As usual, you will need to ensure all the appropriate packages are imported:
import ( "github.com/stretchr/gomniauth/providers/facebook" "github.com/stretchr/gomniauth/providers/github" "github.com/stretchr/gomniauth/providers/google" )
Note
Gomniauth requires the SetSecurityKey call because it sends state data between the client and server along with a signature checksum, which ensures that the state values are not tempered with while being transmitted. The security key is used when creating the hash in a way that it is almost impossible to recreate the same hash without knowing the exact security key. You should replace some long key with a security hash or phrase of your choice.
Now that we have configured Gomniauth, we need to redirect users to the provider's authorization page when they land on our /auth/login/{provider} path. We just have to update our loginHandler function in auth.go:
func loginHandler(w http.ResponseWriter, r *http.Request) {
segs := strings.Split(r.URL.Path, "/")
action := segs[2]
provider := segs[3]
switch action {
case "login":
provider, err := gomniauth.Provider(provider)
if err != nil {
http.Error(w, fmt.Sprintf("Error when trying to get provider
%s: %s",provider, err), http.StatusBadRequest)
return
}
loginUrl, err := provider.GetBeginAuthURL(nil, nil)
if err != nil {
http.Error(w, fmt.Sprintf("Error when trying to GetBeginAuthURL
for %s:%s", provider, err), http. StatusInternalServerError)
return
}
w.Header.Set("Location", loginUrl)
w.WriteHeader(http.StatusTemporaryRedirect)
default:
w.WriteHeader(http.StatusNotFound)
fmt.Fprintf(w, "Auth action %s not supported", action)
}
}
We do two main things here. First, we use the gomniauth.Provider function to get the provider object that matches the object specified in the URL (such as google or github). Then, we use the GetBeginAuthURL method to get the location where we must send users to in order to start the authorization process.
Note
The GetBeginAuthURL(nil, nil) arguments are for the state and options respectively, which we are not going to use for our chat application.

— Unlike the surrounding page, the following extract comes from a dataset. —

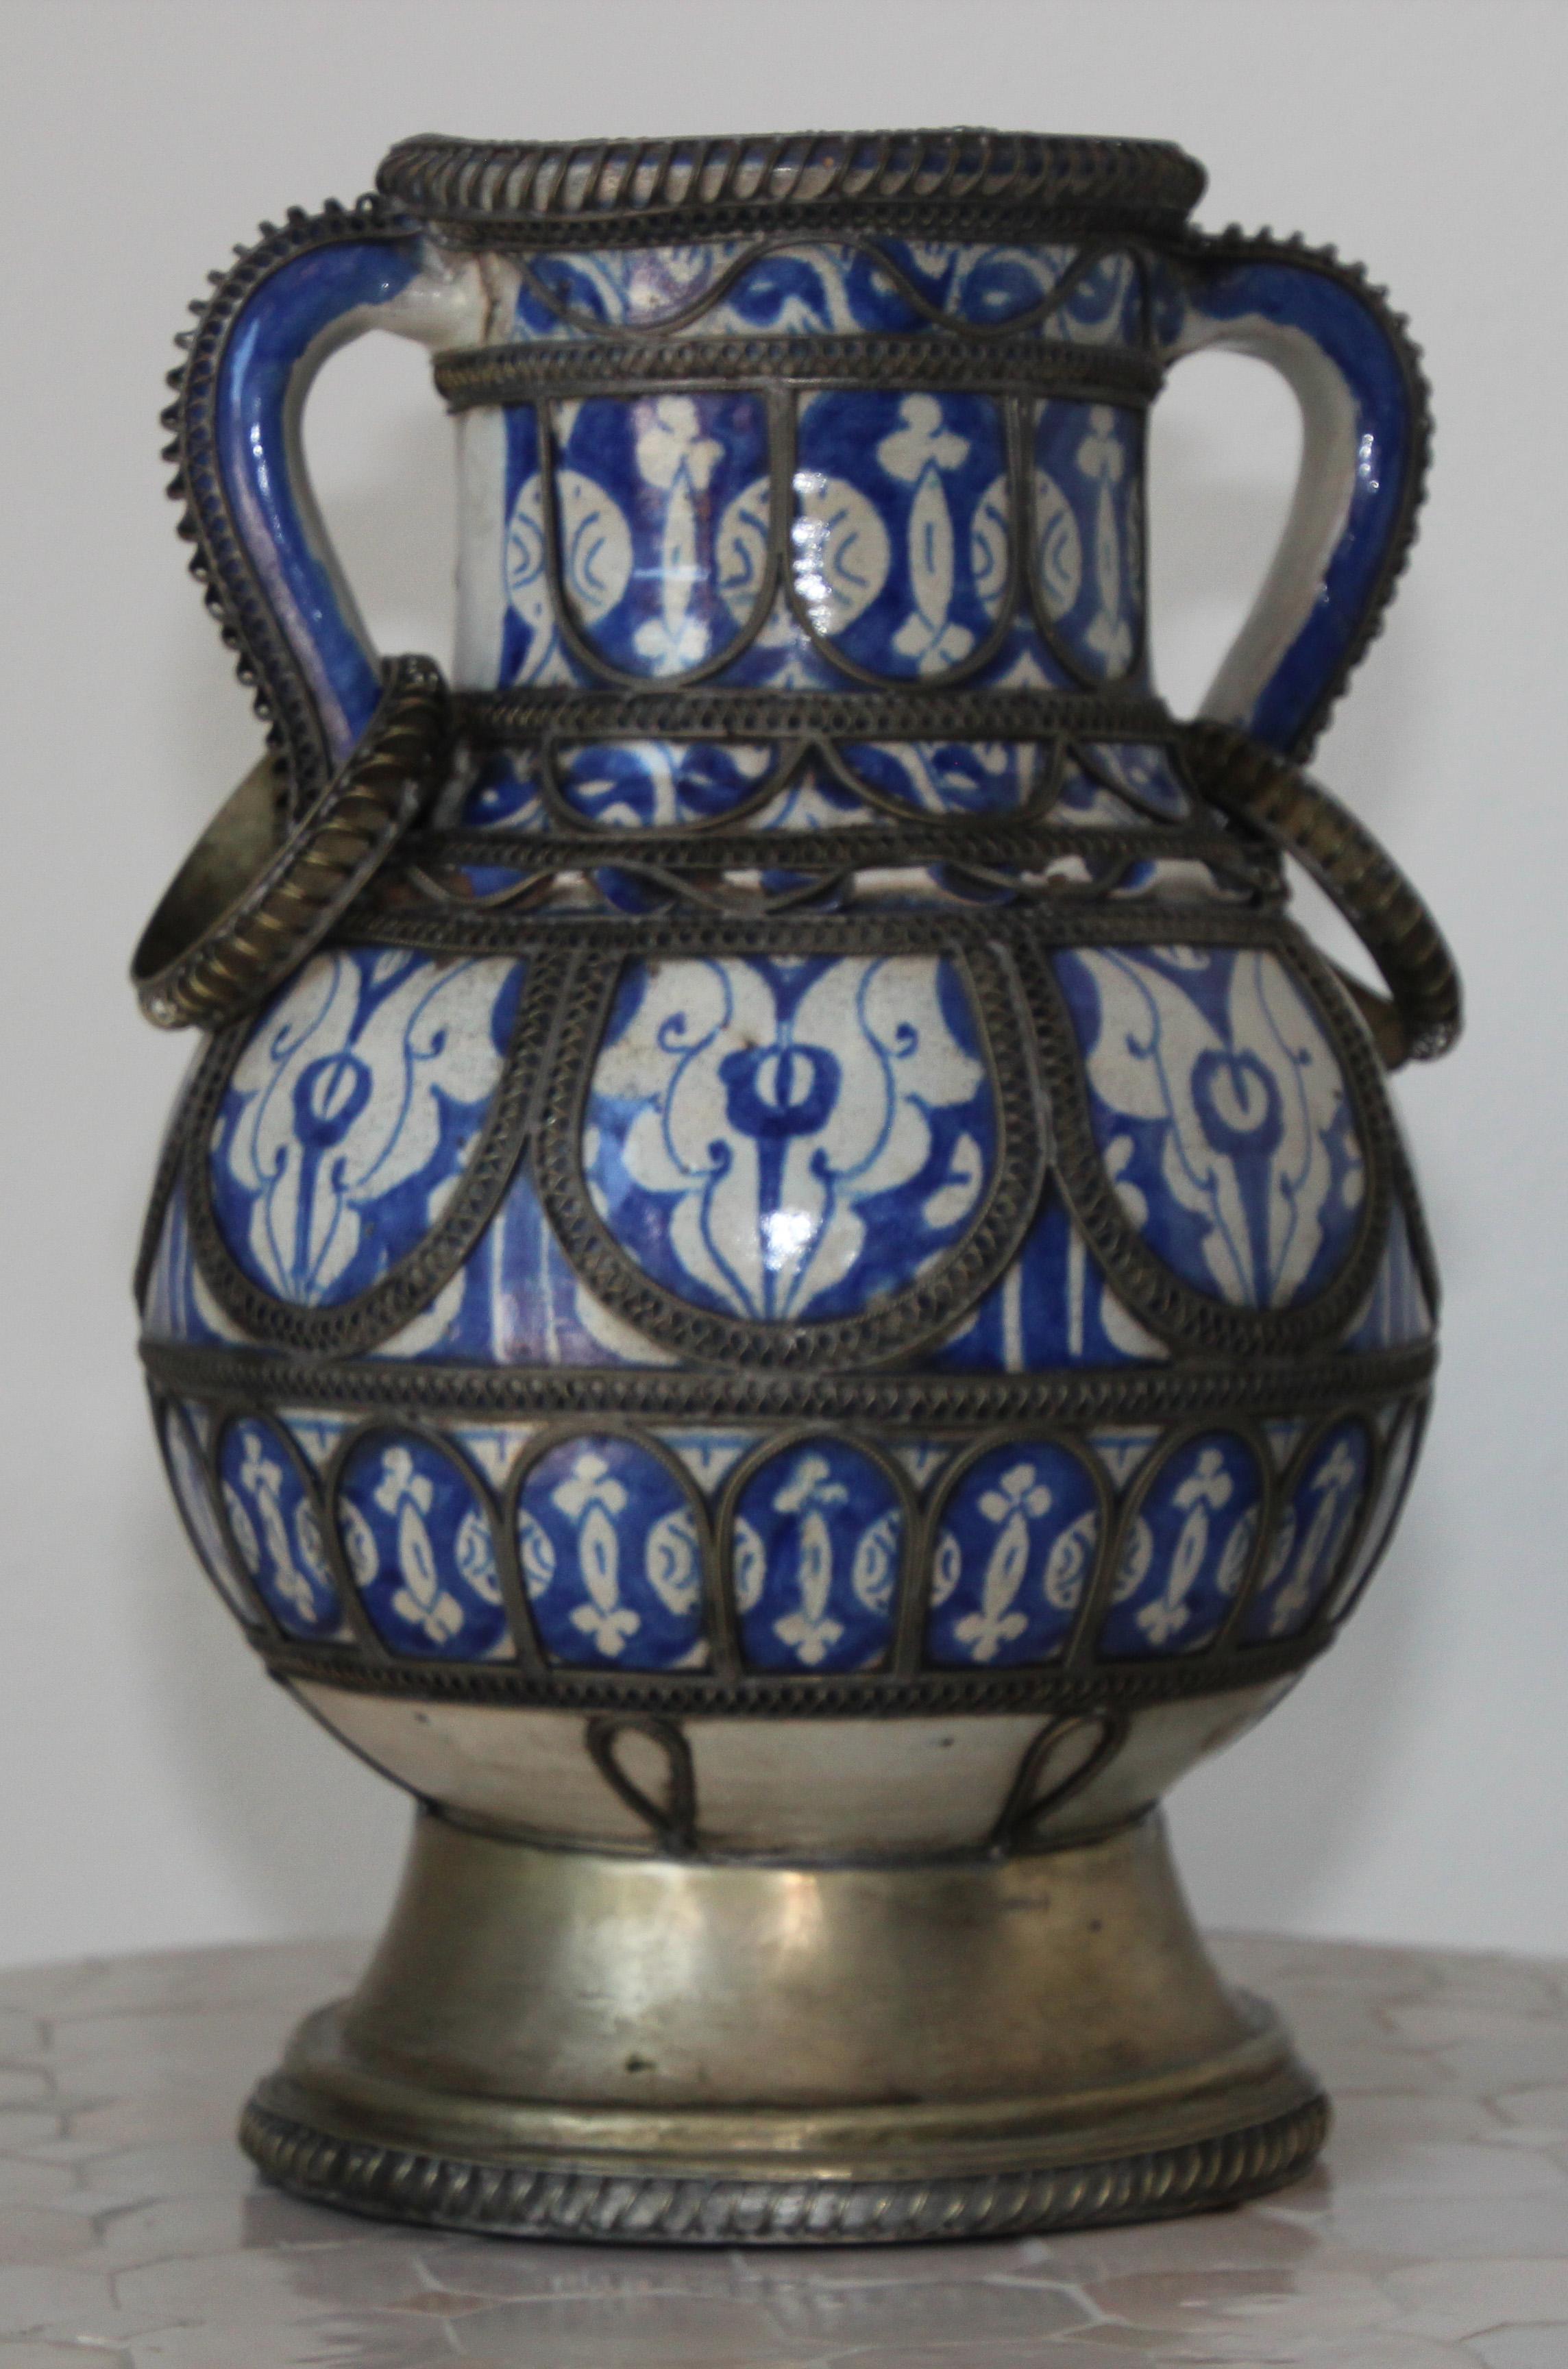  Moroccan Blue & White Ceramic Footed Vase from Fez with Silver Filigree For Sale 3
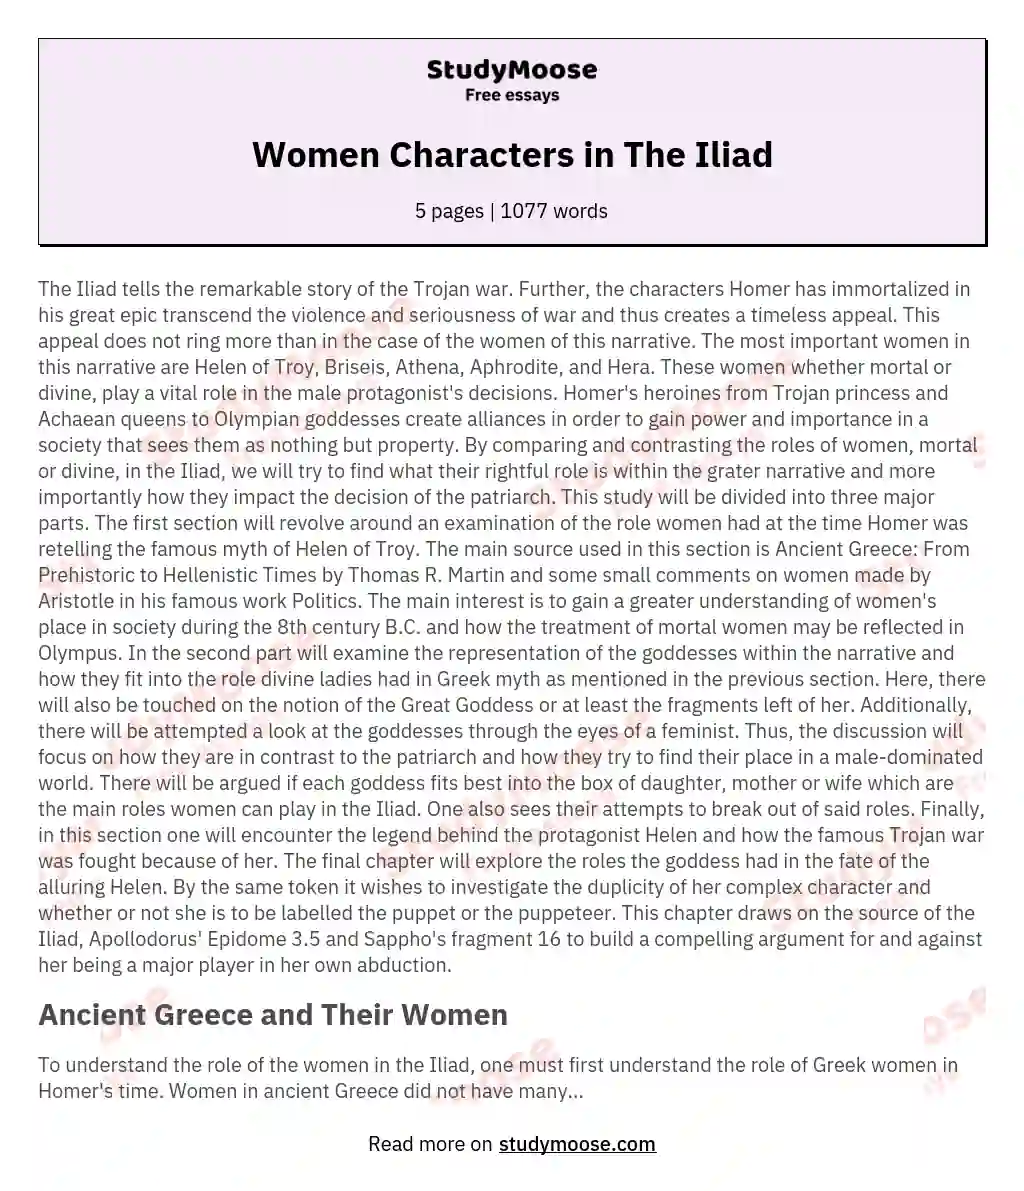 Women Characters in The Iliad essay

The first argument is a state map of data that is encoded and signed and sent to the authentication provider. The provider doesn't do anything with the state; it just sends it back to our callback endpoint. This is useful if, for example, we want to redirect the user back to the original page they were trying to access before the authentication process intervened. For our purpose, we have only the /chat endpoint, so we don't need to worry about sending any state.
The second argument is a map of additional options that will be sent to the authentication provider, which somehow modifies the behavior of the authentication process. For example, you can specify your own scope parameter, which allows you to make a request for permission to access additional information from the provider. For more information about the available options, search for OAuth2 on the Internet or read the documentation for each provider, as these values differ from service to service.
If our code gets no error from the GetBeginAuthURL call, we simply redirect the user's browser to the returned URL.
If errors occur, we use the http.Error function to write the error message out with a non-200 status code.
Rebuild and run the chat application:
go build -o chat ./chat -host=":8080"
Tip
We will continue to stop, rebuild, and run our projects manually throughout this book, but there are some tools that will take care of this for you by watching for changes and restarting Go applications automatically. If you're interested in such tools, check out https://github.com/pilu/fresh and https://github.com/codegangsta/gin.
Open the main chat page by accessing http://localhost:8080/chat. As we aren't logged in yet, we are redirected to our sign-in page. Click on the Google option to sign in using your Google account and you will notice that you are presented with a Google-specific sign-in page (if you are not already signed in to Google). Once you are signed in, you will be presented with a page asking you to give permission for our chat application before you can view basic information about your account:
This is the same flow that the users of our chat application will experience when signing in.
Click on Accept and you will notice that you are redirected to our application code but presented with an Auth action callback not supported error. This is because we haven't yet implemented the callback functionality in loginHandler.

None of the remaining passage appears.